Mi madre creció en tierra mexicana, ahí se casó, tuvo a sus hijos y, siendo aún joven, enviudó.
Durante 38 años, por la censura del comunismo no había tenido noticias sobre su papá. Finalmente, después de mucho investigar, tuvo entre sus manos un papel que tenía anotado un tesoro, es decir, una dirección.
Viajó a Polonia y se subió a un taxi hasta llegar a una calle y luego estar parada frente a una casa con el número que llevaba apuntado. El padre, envejecido, se acercó a abrir, sin imaginar quién esperaba llena de ansias del otro lado de la puerta, ni que en pocos segundos escucharía una voz que, con unas palabras, haría saltar a su corazón: ¿No sabes quién soy?
(En esta parte de la historia las bocas de todos se apretaron y los ojos se nos convirtieron en lagos.)
Mi abuelo, con los años, se había vuelto a casar con una mujer alemana, con quien tuvo dos hijas. Cada Navidad había montado un lugar adicional en la mesa familiar, un lugar vacío, el de ella; así como seguía teniendo dolor por la ausencia de su hija, mantenía la esperanza de volver a verla.
Ella hizo tres viajes de un mes a Polonia, y disfrutó a su padre cada uno de esos noventa días. Él le dejó como herencia el cariño de sus hermanas polaco-alemanas. Hoy, mi madre, a sus 86 años, sigue viviendo en León y amando ambos países; ella y su amiga de toda la vida, Olenka -a quien visita y le canta rondas en su lengua natal ahora que está enferma- son las únicas “niñas de Polonia” que quedan como testigos de ese viaje, de la llegada a un mundo que ni siquiera sabían que existía, y de sus primeros años acá.
Y así más o menos fue, en versión breve, una muy disfrutable conversación.

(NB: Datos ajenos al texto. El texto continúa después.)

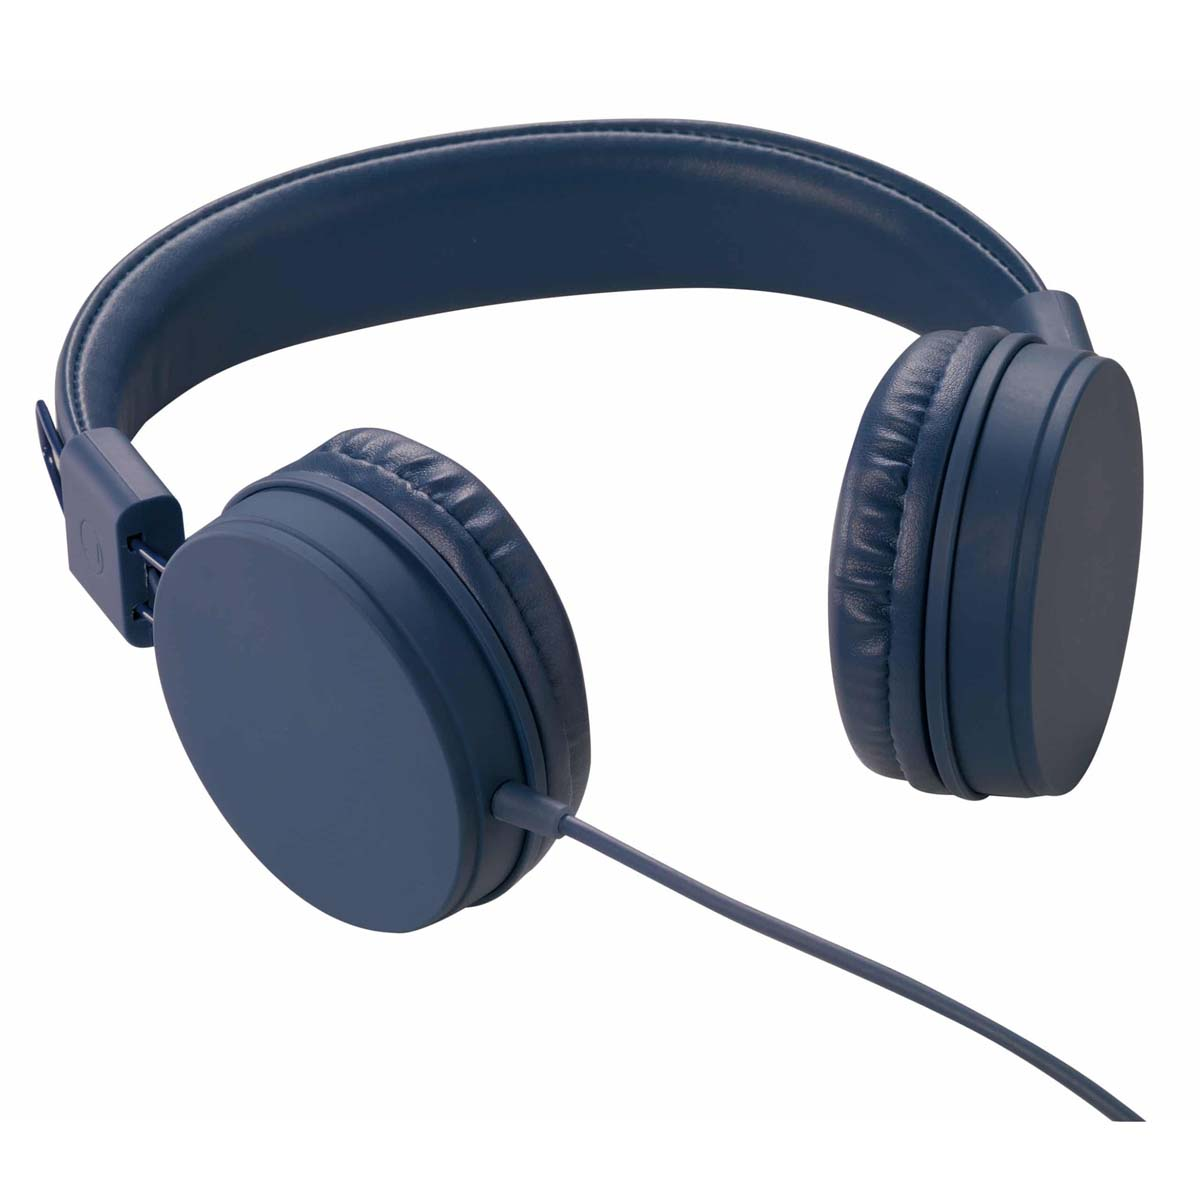 VIVANCO 25152, On-ear Ohraufliegende Kopfhörer Blau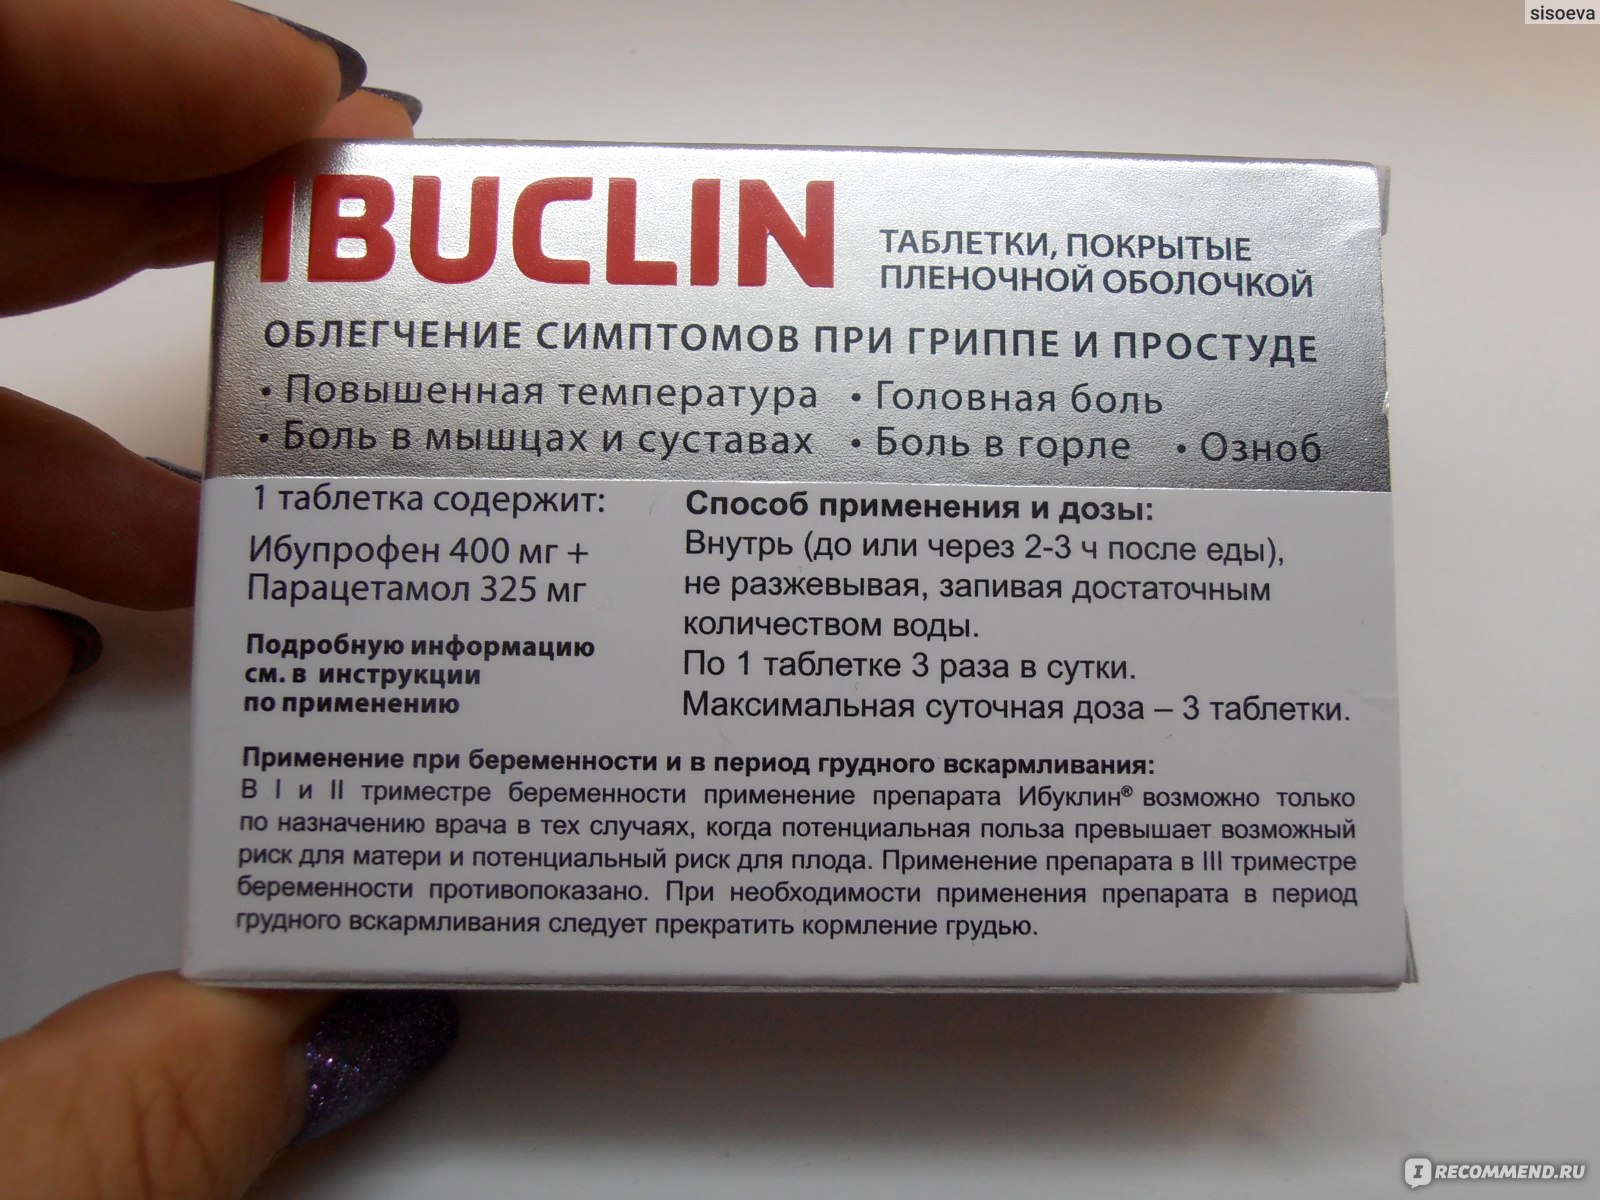 Сколько раз пьют ибуклин. Ибуклин взрослый дозировка. Ибуклин при температуре дозировка. Ибуклин таблетки взрослым при температуре.

Las reseñas de esos tiempos cuentan que los refugiados polacos que llegaron al Rancho Santa Rosa “tuvieron algunas oportunidades de interactuar con la comunidad local”. En mi familia podemos dar fe de que así fue.
Las guerras son como tormentas que arrasan con todo a su paso; con todo salvo con la semilla de la vida, capaz de crear nuevos comienzos en tierras lejanas. Quizá cada persona sea un milagro que se ha gestado desde el origen de los tiempos y cada acontecimiento desde entonces no sea sino un paso hacia su nacimiento.
Gracias, Adriana, por este relato, pieza excepcional en el árbol genealógico compartido, que desplazó todo lo demás que pretendía contar. Ya habrá tiempo para Miguel Ángel, Rafael y Caravaggio.
Las historias nos encuentran donde menos lo imaginamos.